Optimizing Agent Workflows for Modern LLMs
Writing effective agent skills requires deep knowledge of prompt engineering. With the release of advanced reasoning models like Claude 3.5 Sonnet, ChatGPT o1, and DeepSeek-V3, prompt templates must focus on structured thinking. Developers are encouraged to use XML tags (e.g., <thought>, <context>, and <rules>) to isolate execution boundaries. Standardized prompts prevent agents from suffering from context drift, ensuring that long-running tasks remain aligned with the initial system parameters.

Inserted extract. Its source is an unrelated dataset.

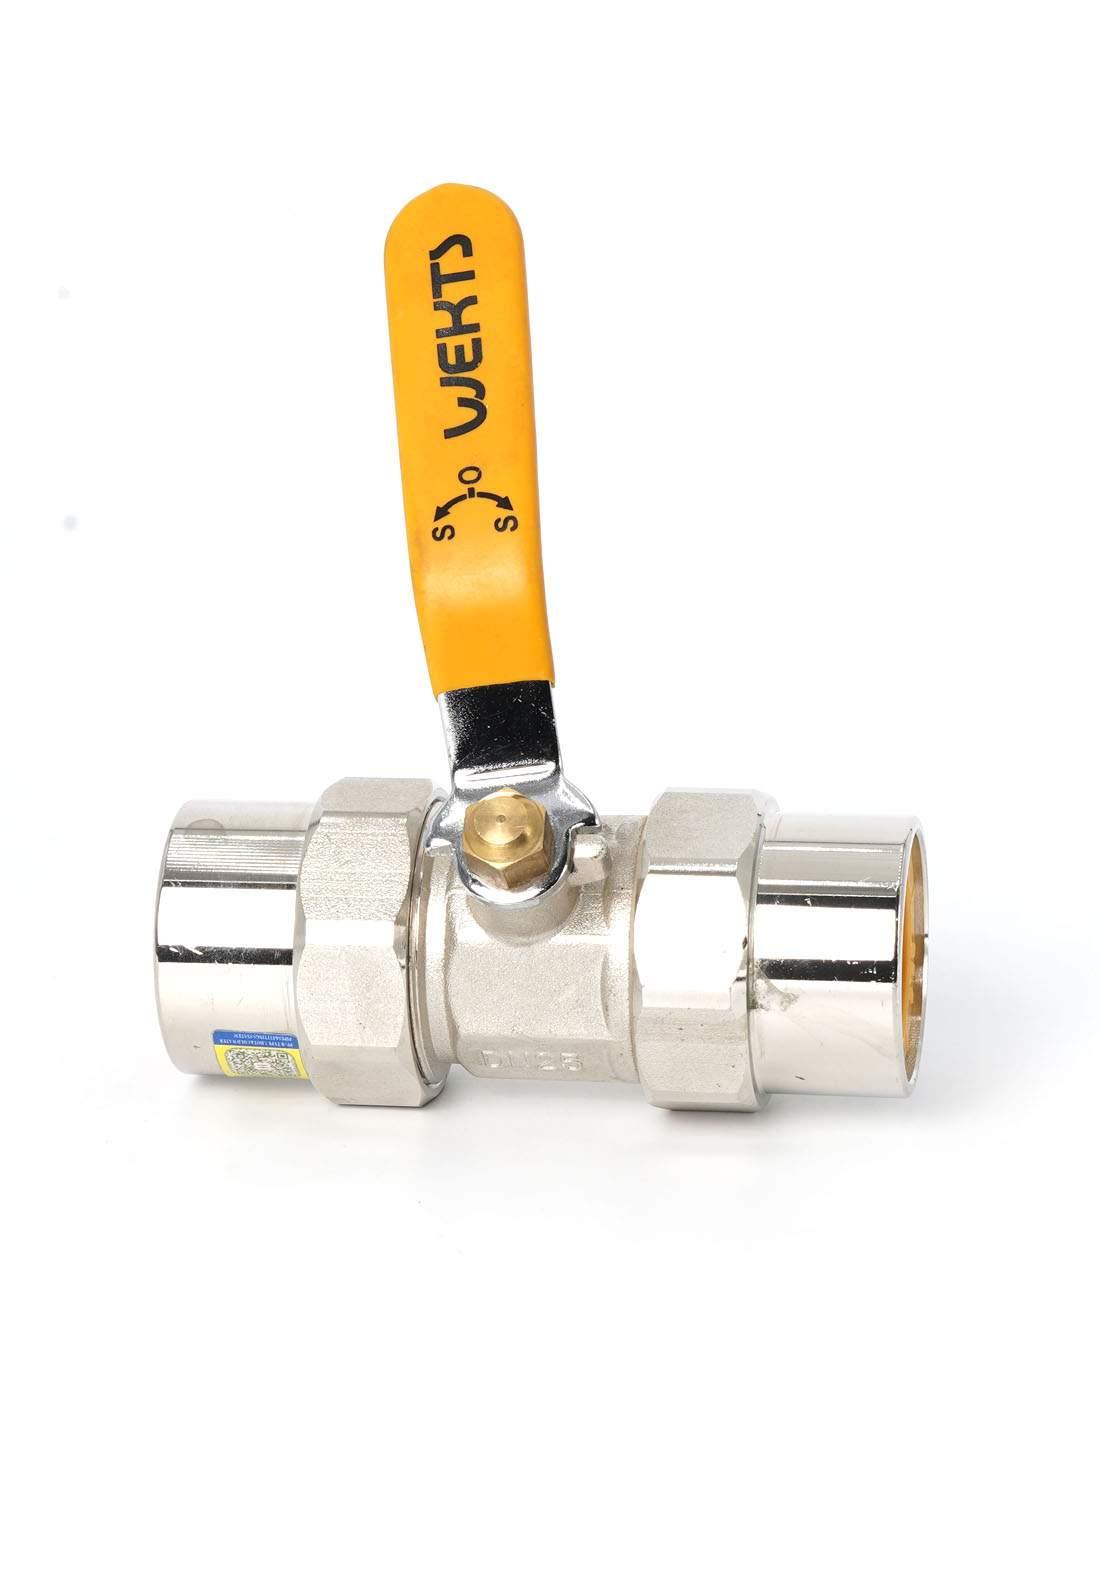 Wekts 5529 Double Chrome Flat Lock 63 mm قفل انابيب مزدوج مسطح لأنابيب المياه

Exploring by SOC Occupations and Creator Profiles
What makes SkillMD unique is its taxonomy. Instead of simple text search, we parse and organize files according to the Standard Occupational Classification (SOC) system. This means you can discover skills written for Computer and Mathematical roles, Business and Financial operations, Legal, Design, and and Educational Instruction fields. By tracking creator profiles, developers can study how different teams organize their custom instructions, compare version updates, and fork public configs for specialized enterprise use cases.
SkillMD operates as a high-performance index running on a fast Go backend and a highly responsive Astro SSR frontend. All search queries execute in milliseconds, featuring smart debouncing to prevent multiple API requests while keeping user data secure. Join our community of developers to standardize your AI agent instructions and optimize your LLM prompting workflows today.
Frequently Asked Questions
A practical guide to agent skills: what they are, how to inspect them, and how SkillMD helps you explore the ecosystem.